Still Life

by Sarah Fawn Montgomery

She was not prepared for the violence. She did not consent. No one asked, simply forced her legs apart, inserted a finger. She was not wet; it pinched. Later, she would bleed. Seep red and open like a heart, a wound.
      She tried to look past the face above her to the ceiling, the wall, imagine herself somewhere, someone else. They scolded when she forgot to breathe, afraid she’d pass out, so she focused on the movement of her chest in, out, up, down. She did not know if her heart was intact.
      When she could not will her body to halve like a tender peach, afraid of the bruise and pulp, of splitting in two, they slit her belly to bowel, placed her entrails on a table beside her like so much fruit, still attached to the bowl of her womb via the tether of arteries and yellow fat. The room was anesthetized, silent despite the chaos. A still life.
      After, she does not say much of the experience, though she is exhausted and hollow-eyed. It is as if the story has been stitched shut like the rest of her—the red scar angry across her abdomen. If she is lucky, the doctor says, it will shrink to fit inside her bikini. “Ever hear of the husband stitch?” folks joke. Even when she is silent, motionless, the scar aches, pulses like a star, like sex, want and longing.

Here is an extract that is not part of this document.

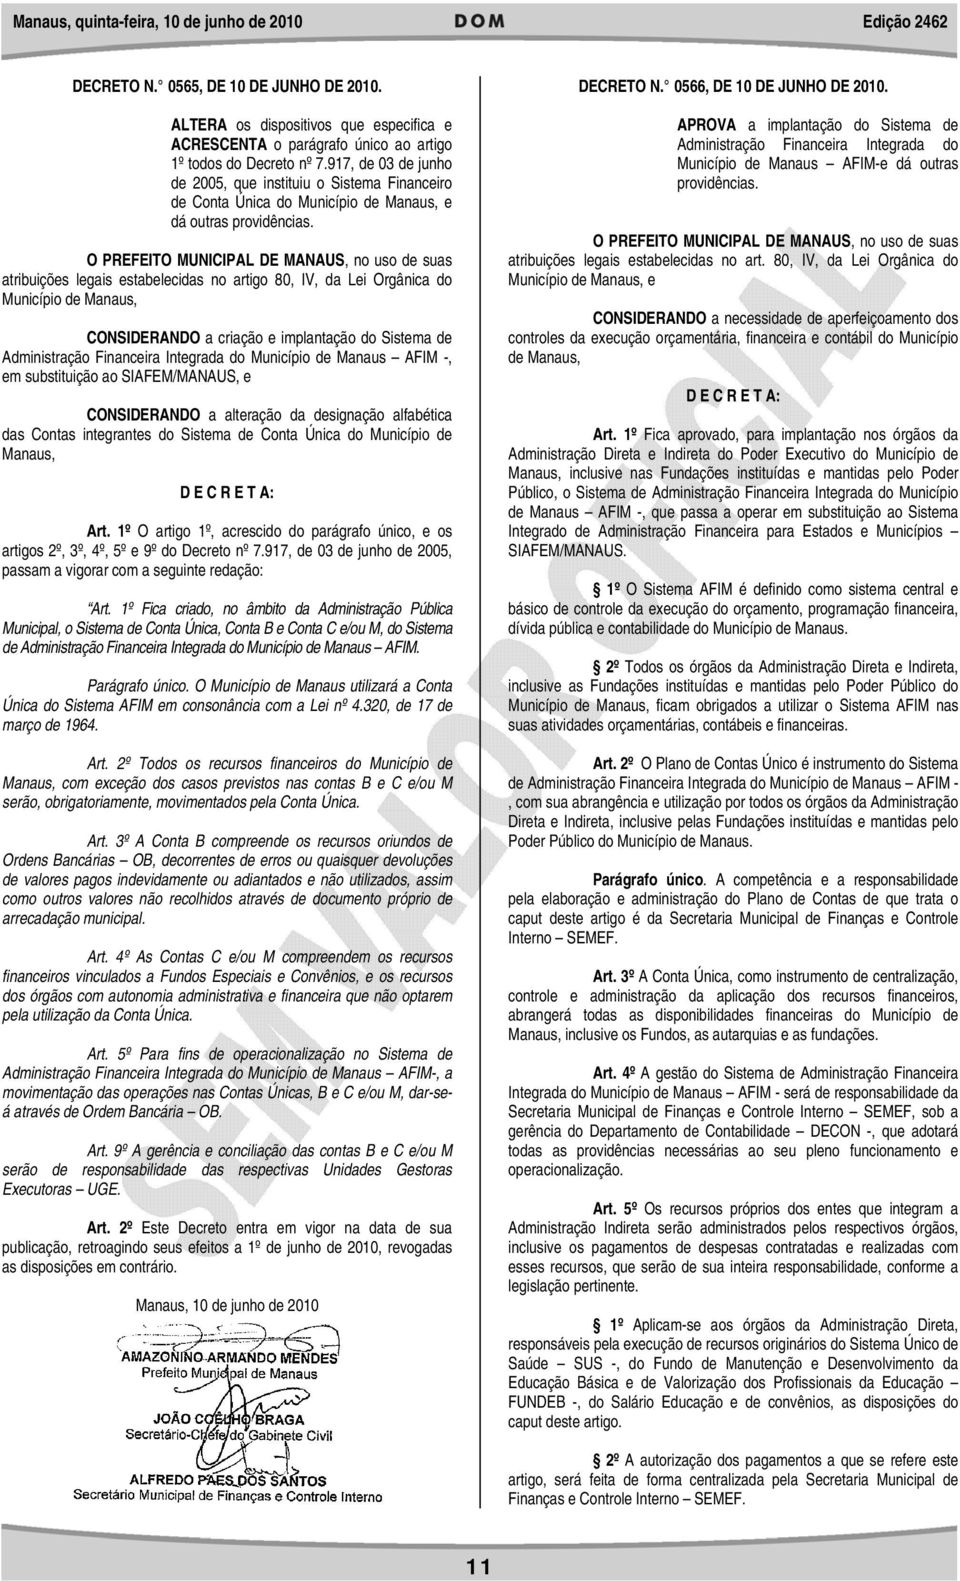 O PREFEITO MUNICIPAL DE MANAUS, no uso de suas atribuições legais estabelecidas no artigo 80, IV, da Lei Orgânica do Município de Manaus, CONSIDERANDO a criação e implantação do Sistema de

      At night she dreams of surgeons and scalpels and the squelching sound of her own body. She hears the squeal of an animal and realizes she is crying.

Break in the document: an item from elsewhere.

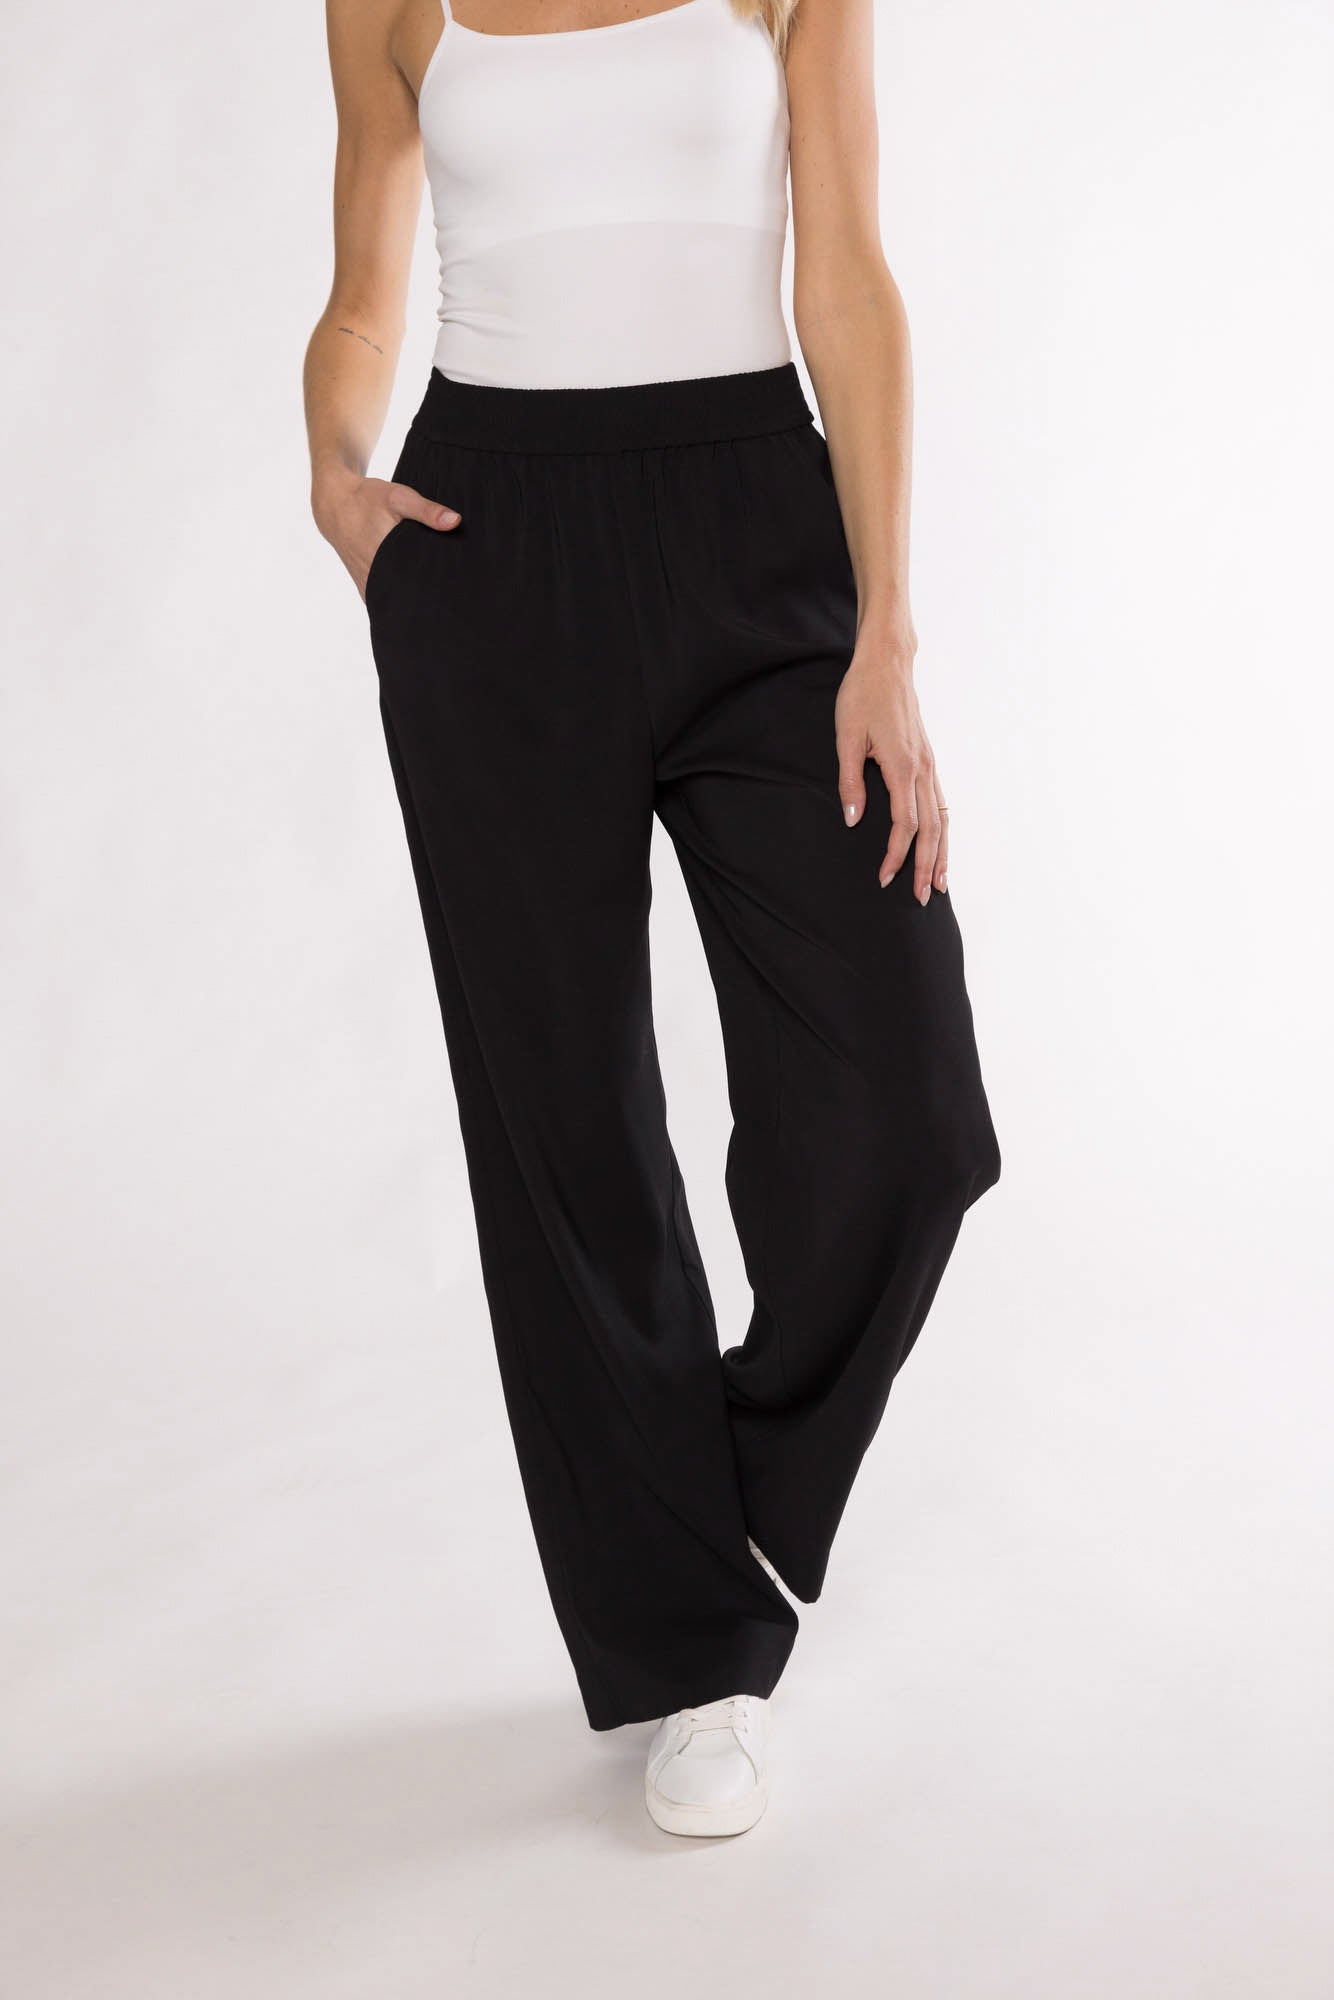 Buy Matty M women regular fit textured trouser pants black Online

      Sometimes, like when she shops for groceries or sees her reflection in the mirror, she can feel the blade once more, feels herself disassembling. She is puzzled because now shouldn’t she feel happiest?
      She says nothing of her pain or fear, distraction or regret, but when the baby cries, she feels her heart tighten, her breasts loosen until she is wet and sour.

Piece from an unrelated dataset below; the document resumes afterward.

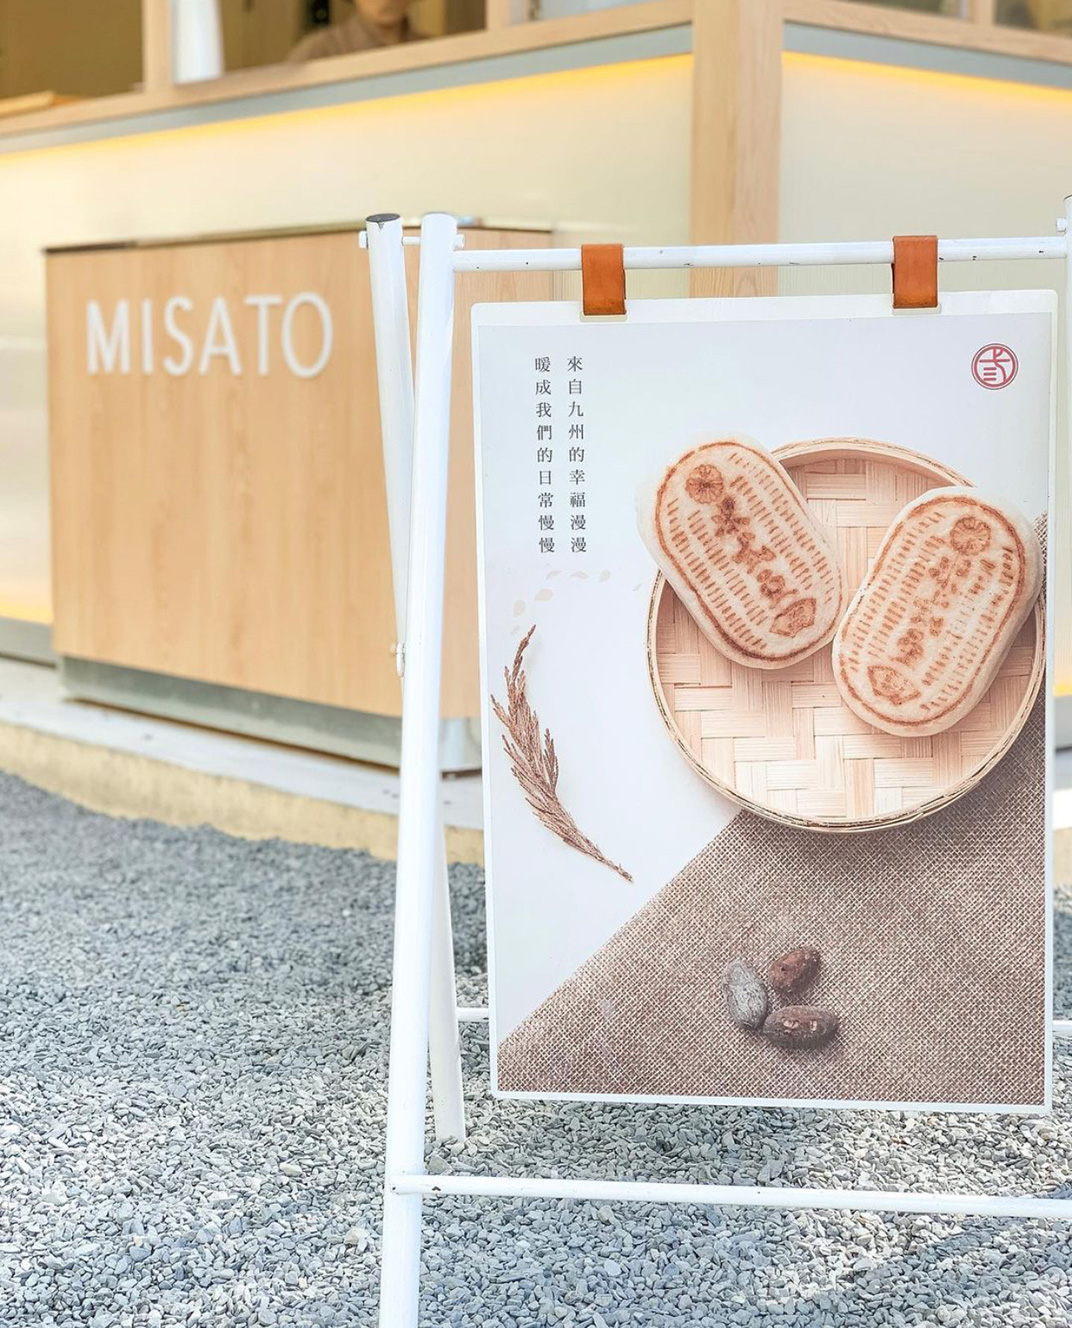 日式点心餐厅米弎豆Misat 台湾 日式 折叠窗 浅色 logo设计 vi设计 空间设计

      Growing up, no one spoke to me of the pain of childbirth or the lonely, confusing after months and years. What I knew, I gathered from movies, perfectly made-up women clutching men’s hands, able, only in childbirth, to hurt men without retribution. They screamed for just a few frenzied moments before the swaddled prop was at their breast alongside a cooing studio audience.
      I knew little of the pain of childbirth from the photos in my mother’s book, A Child is Born, which featured a close-up image of a fetus sucking its thumb on the cover, seemingly lit from behind, orange as an apricot, translucent, covered in soft fuzz. In the book, which I would sneak from time to time off my mother’s bookshelf, the fetus appears at all stages. But where, I wondered, was the mother? We never saw her face, nor her soft lap, and because I could not see her eyes, I did not know if she was happy or scared. I did not learn it was possible to be both.
      Mothers existed, I learned, to house the fetus, to be a vessel for that fruit. The only time I saw the mother was in delivery photos, her vagina stretched wide and thin like a great mouth, blood caught in pubic hair, breasts swollen like melons, nipples cracked like the skin of a cantaloupe. Her face never seemed to be in frame, though I knew by the way my parents took the book from my hands each time I lingered on these photos rather than the ones of the child, that a mother’s body was shameful.
      I saw pain written on the bodies of women around me. My mother braced herself each time she bent to pick up a child. As a mother of eight and preschool teacher for forty years, she has torn her rotator cuff, required multiple surgeries, broken toes, strained her hip, back, and neck bending over. My aunts, cousins, family friends, speak of pained hips, aching joints, burdened feet. After children they could not even walk upon the ground the same. My mother’s mother had chronic aches and leg pains and my father’s mother stooped even smaller than her five-foot-one frame after mothering four boys.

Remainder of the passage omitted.